May your trails be crooked, winding, lonesome, dangerous, leading to the most amazing view. May your mountains rise into and above the clouds. – Edward Abbey
I began to read this book during an overnight “campout” on the USS Missouri. When the captain called for “lights out”, I pulled out my flashlight to continue reading. A VIEW FROM HERE has a quiet excitement about it. Maggie Carter is on the cusp of an adventure … or a disappointment … depending upon how she views it. Still shell shocked from her divorce, Maggie learns she has inherited a cabin, a Jeep, and a mine from her absentee father, a Vietnam Veteran. She steps out of character, travels to Eureka, and asses her unexpected windfall. Along the way, she meets the quirky townsfolk who knew her father. Some loved him, some loathed him, but all agreed that he became a part of the community. Maggie resents that her father gave himself to the community rather to his family. Yet the view from her father’s cabin inspires Maggie to embrace the memory of her father. In turn, her father inspires Maggie to embrace life, despite its crooked roads and dangerous curves.

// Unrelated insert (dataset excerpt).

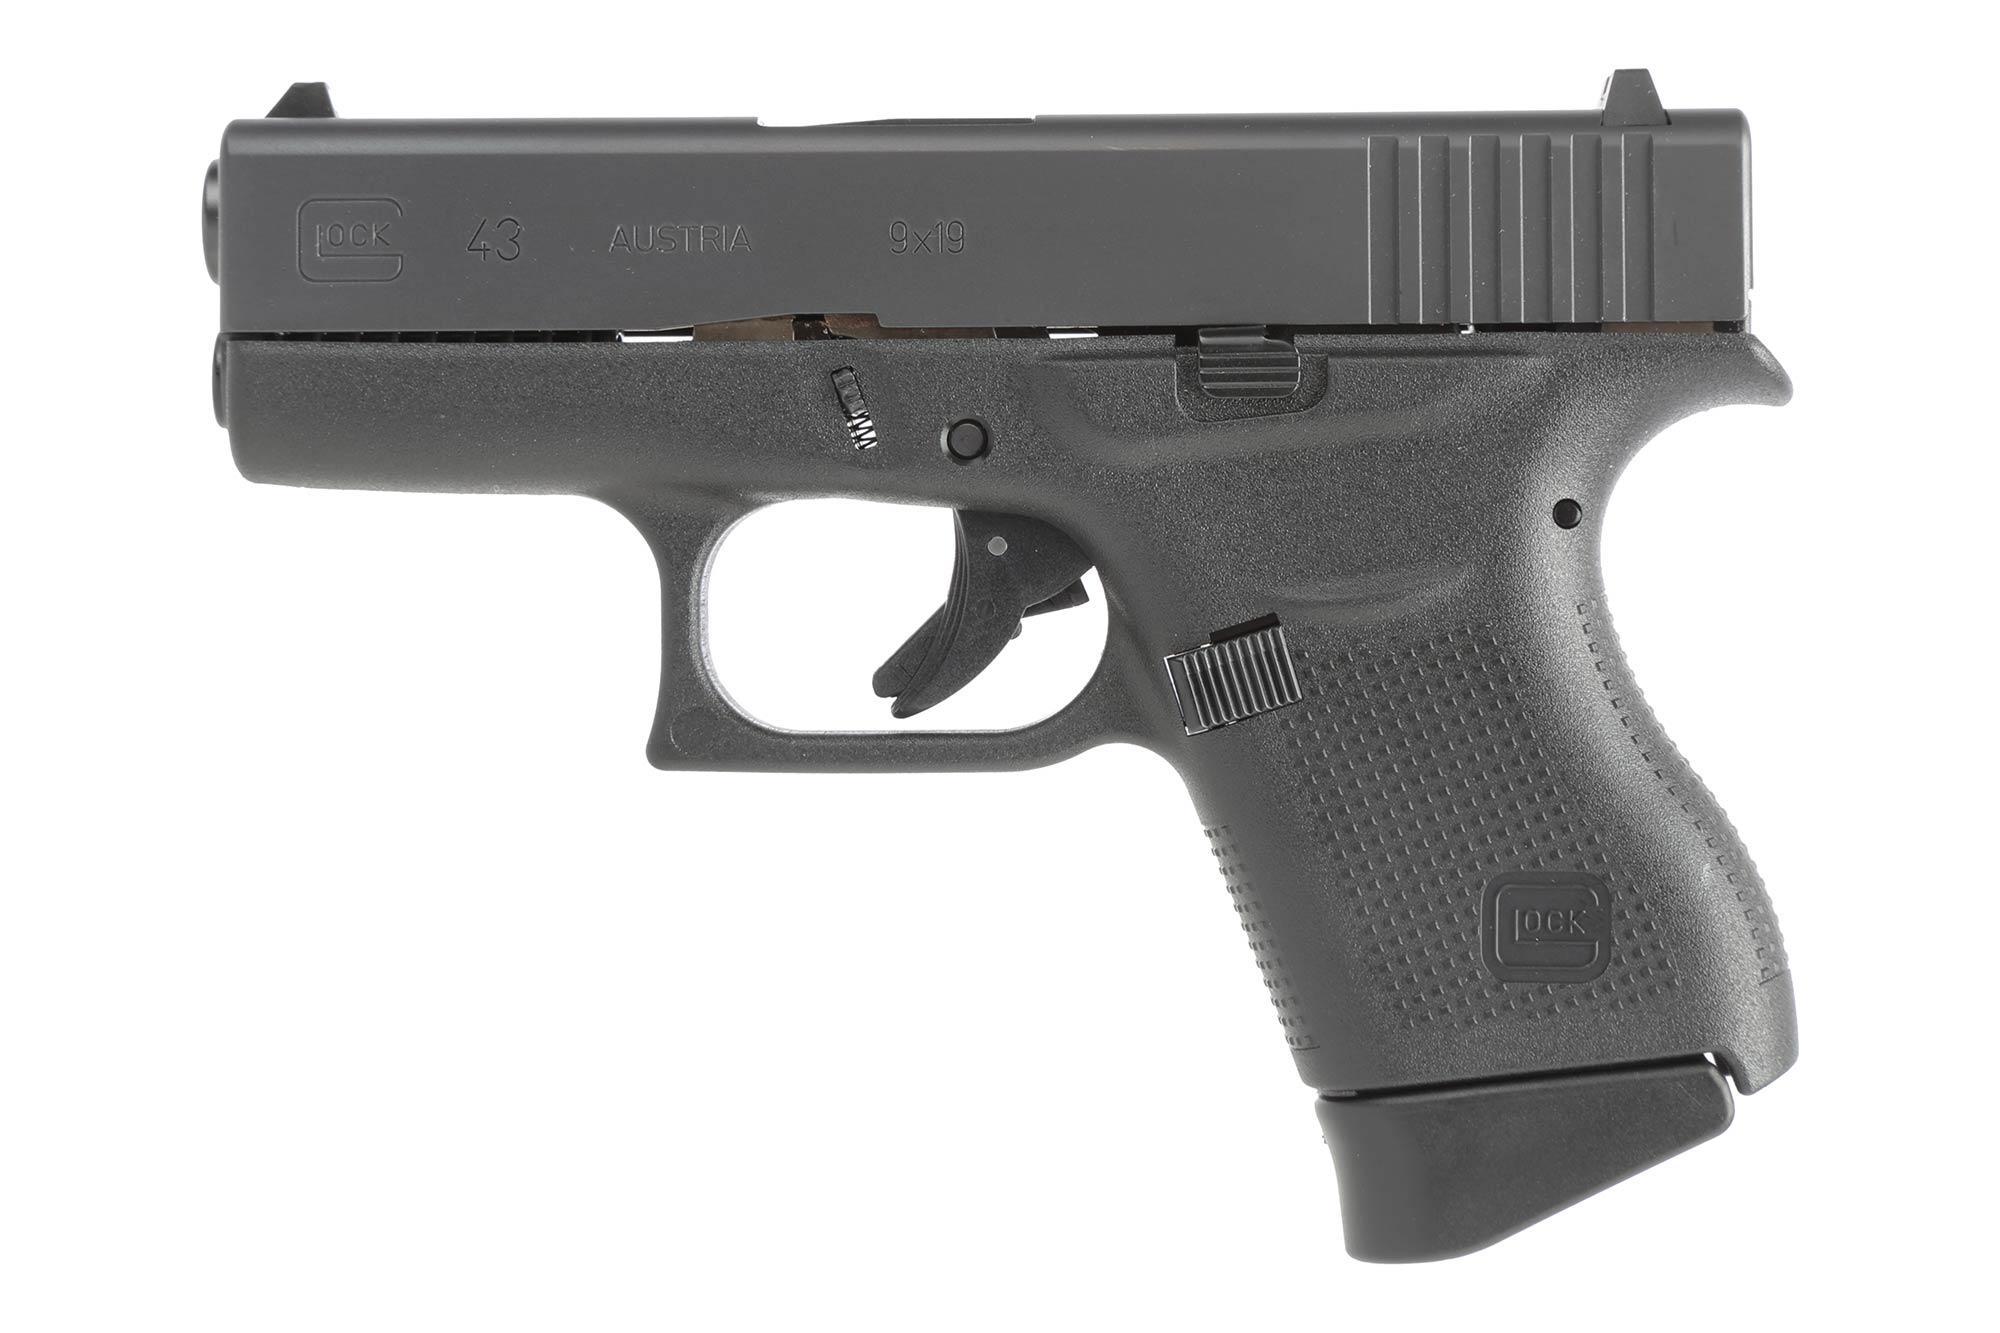 Glock G43 9mm Subcompact Pistol - 6-Round UI4350201  Glock G43 9mm S...

THE VIEW FROM HERE gives readers mature heroines – Maggie, Lucile and even Cassie are over forty and disappointed with their family relationships. Maggie’s arrival in Eureka creates some dust among the townsfolk. But it was dust that needs to be swept away. Just as Maggie grows comfortable with who she is … the author gives her a romance with a younger man. The author delivered vivid descriptions of Eureka, the mountains, and the mines that evolved charm, peace, and mystery to create a compelling story of hope.